Faria le explicó al aldeano de Zuriza lo que había pasado en España en los últimos meses: la destructiva invasión francesa, la guerra despiadada, la renuncia de Carlos IV a la corona, la proclamación de Fernando VII y su posterior abdicación, la vergüenza de la entrevista de Bayona, la proclamación de José I como rey intruso, los dos asedios de Zaragoza, la destrucción de la ciudad por los franceses… Le confesó que era coronel de la guardia de corps y que había escapado cuando lo llevaban preso a Francia. No estaba en condiciones de decir otra cosa, y ocultó su condición de conde de Castuera.

—¿Tiene usted hambre? —le preguntó el aldeano.

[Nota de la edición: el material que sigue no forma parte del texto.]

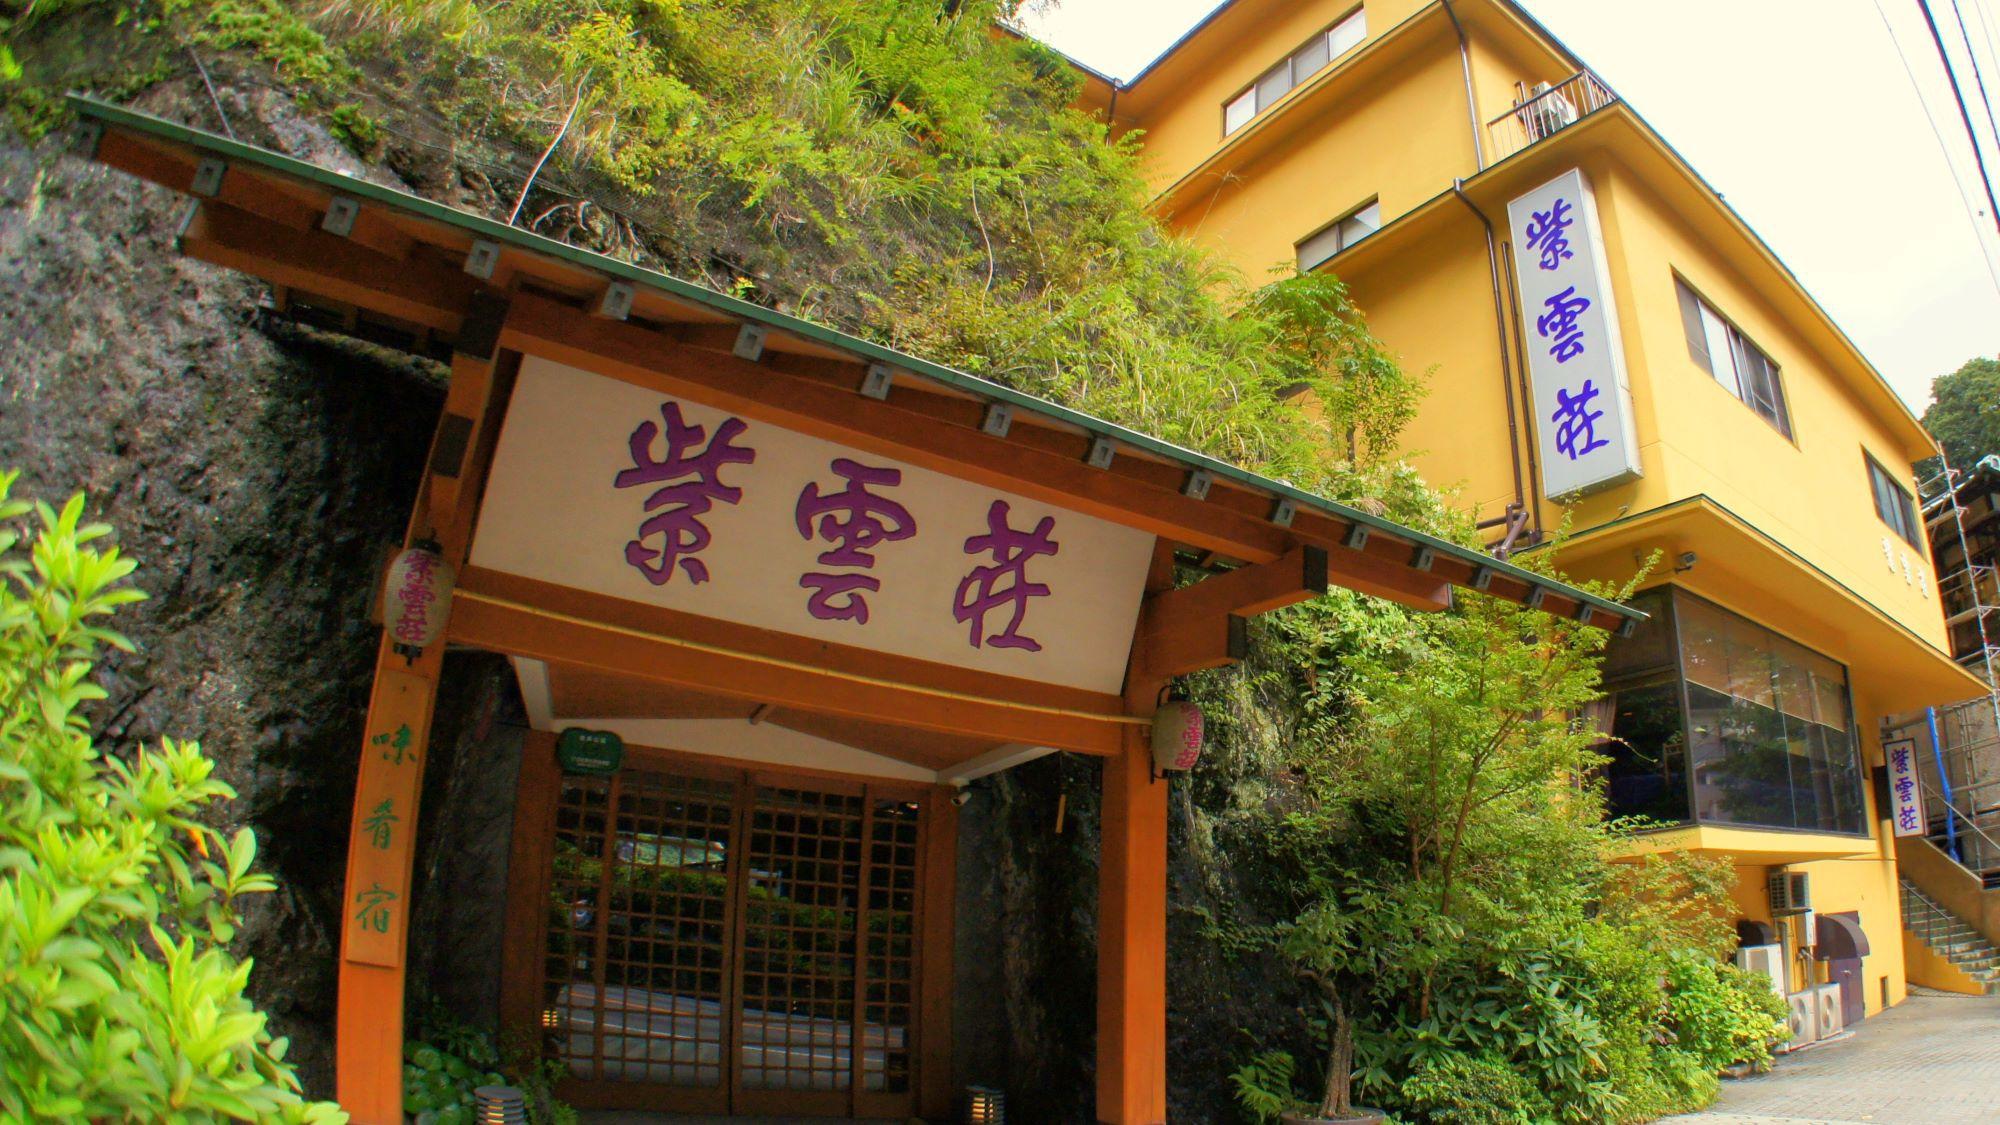 箱根周辺で足腰の悪い母親を連れて行きたいと思っています。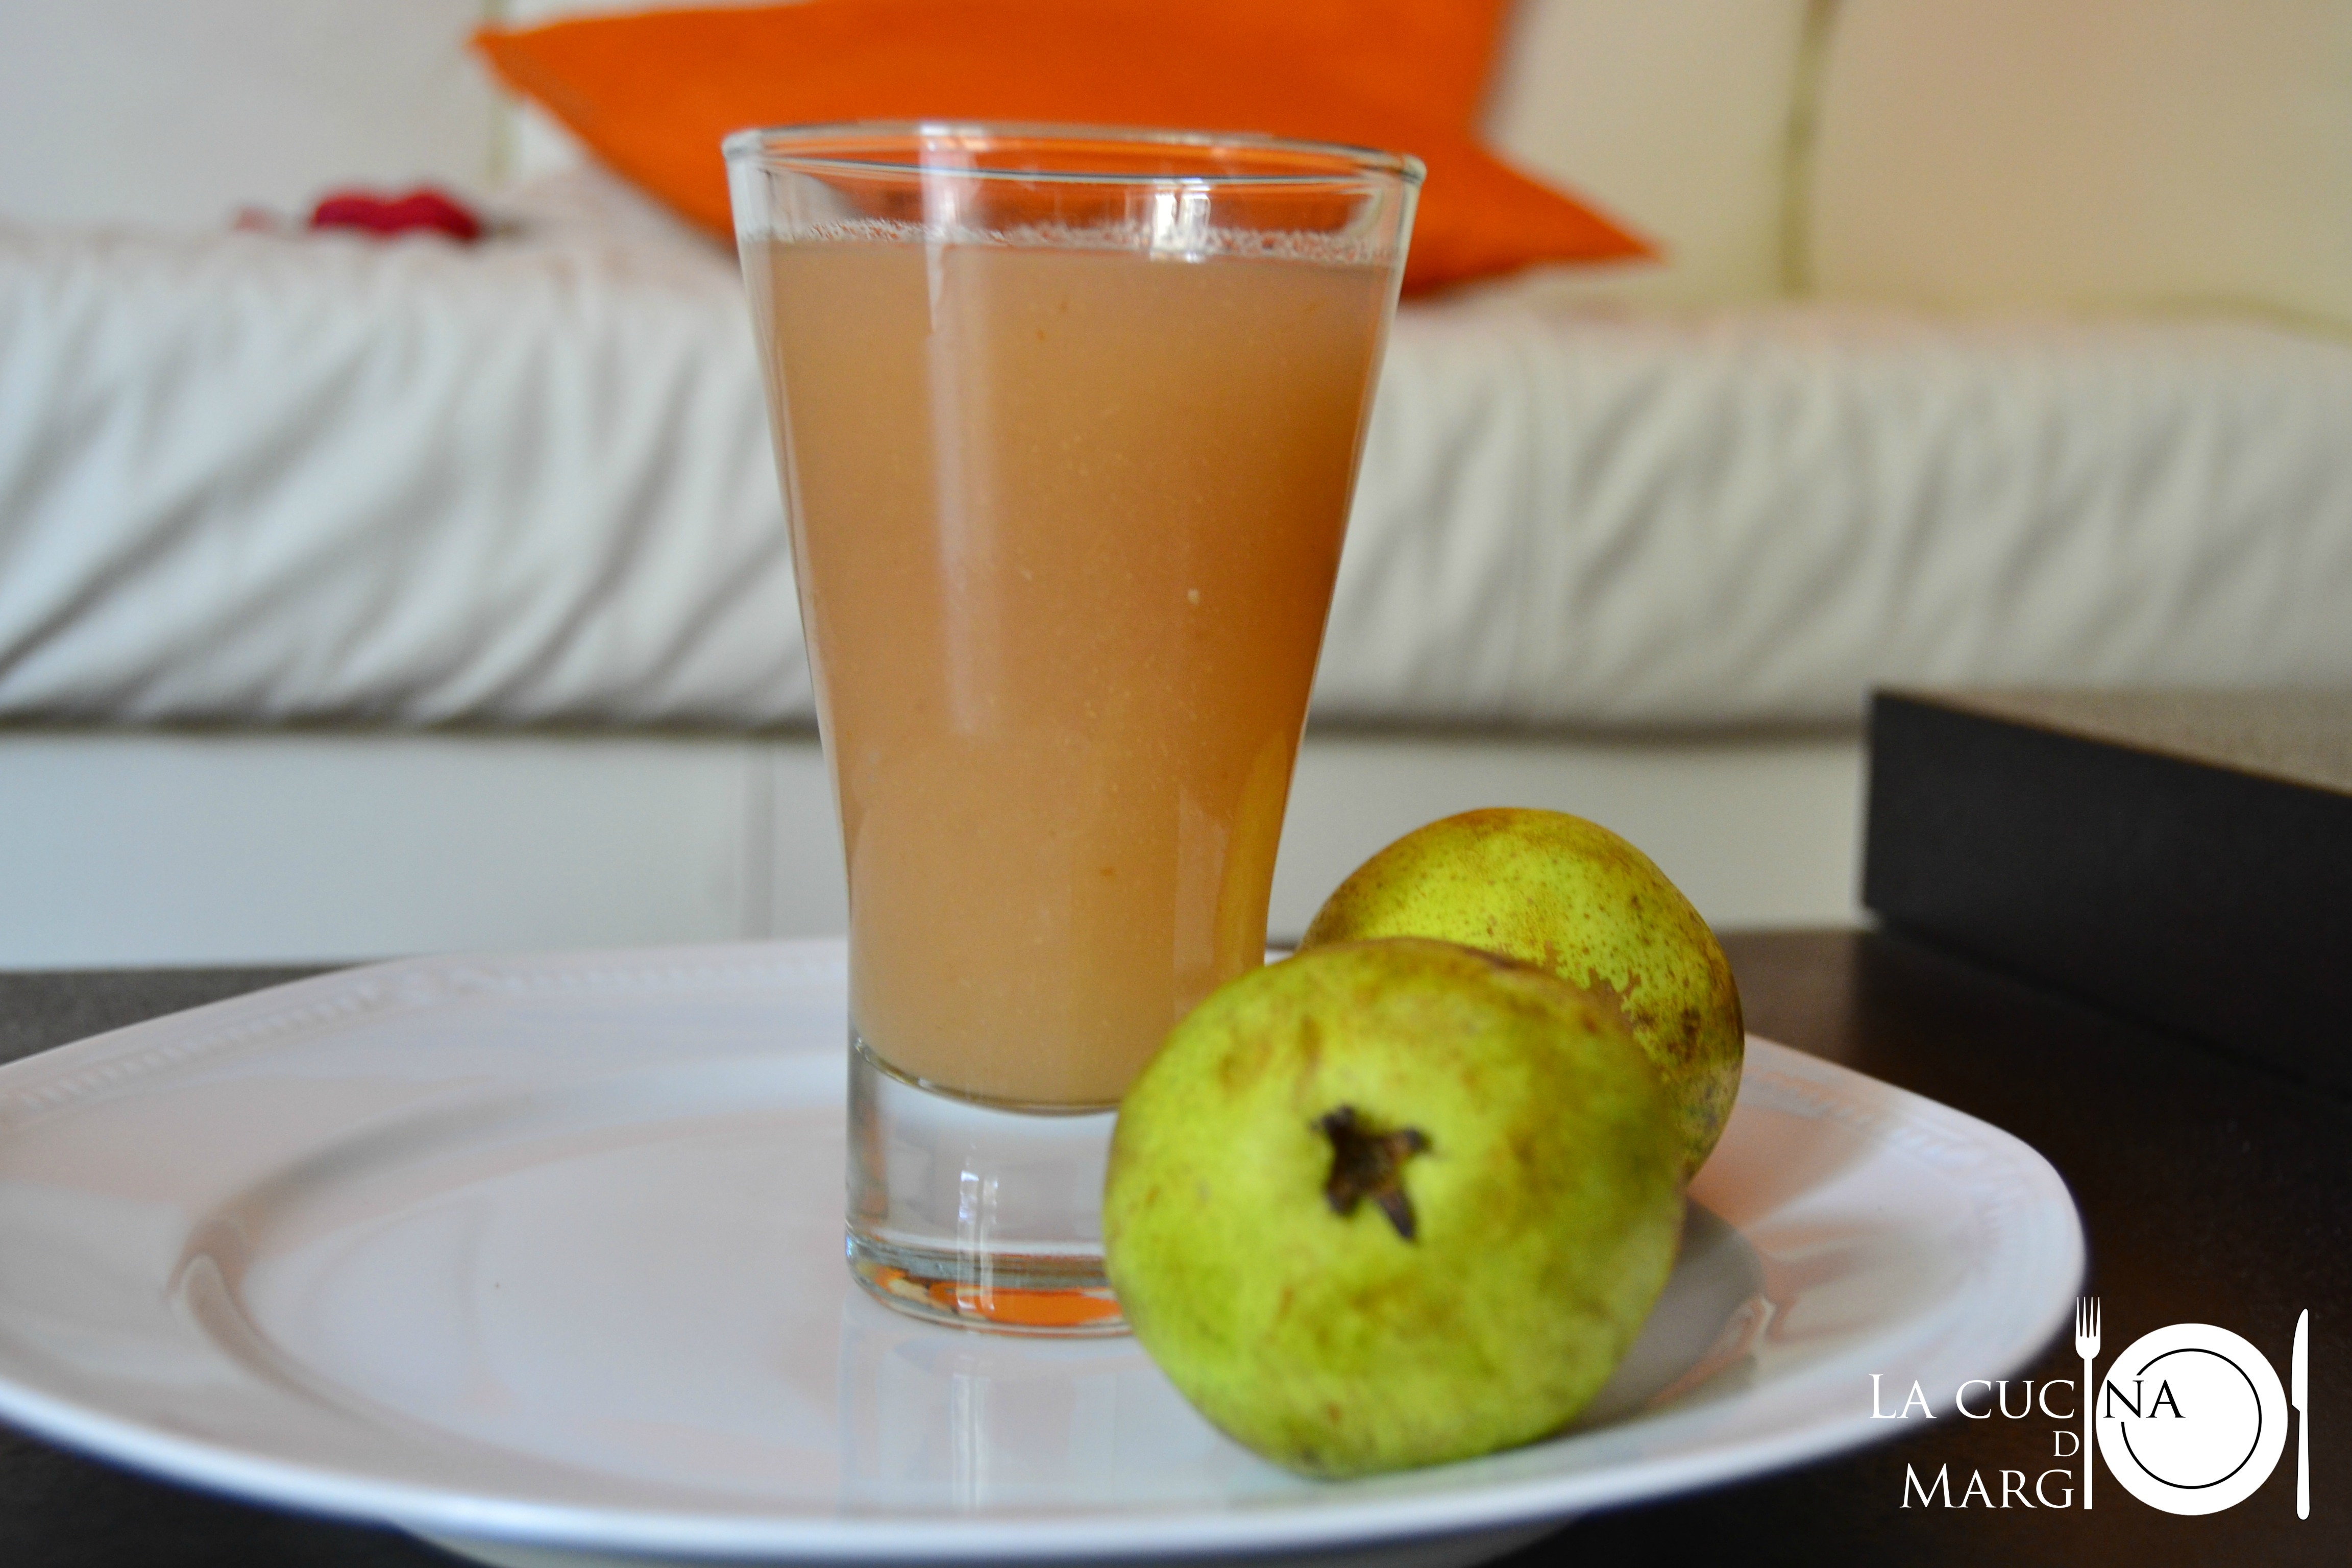 Succo di frutta alla pera   04   LOGO   DSC_0092

—Como un lobo. Hace semanas que no como otra cosa que tocino rancio, pan duro, queso mohoso, sopas de ajo y agua de arroz, y en los últimos cuatro días sólo me he alimentado con algunas raíces y frutos verdes en mi marcha por estas montañas.

Además, creo que tengo dos costillas rotas.

—Venga conmigo. Mi mujer le preparará algo caliente.

—¿Es usted un patriota? —le preguntó Francisco de Faria.

—¿Qué importa eso ahora?

Aquella aldea le pareció a Faria el mismísimo Paraíso.

Unos cuantos kilómetros al sur, dos naciones y millones de hombres estaban librando una guerra cruel y sangrienta, pero allá arriba, en lo más alto de las montañas, el aire parecía impregnado de una paz eterna.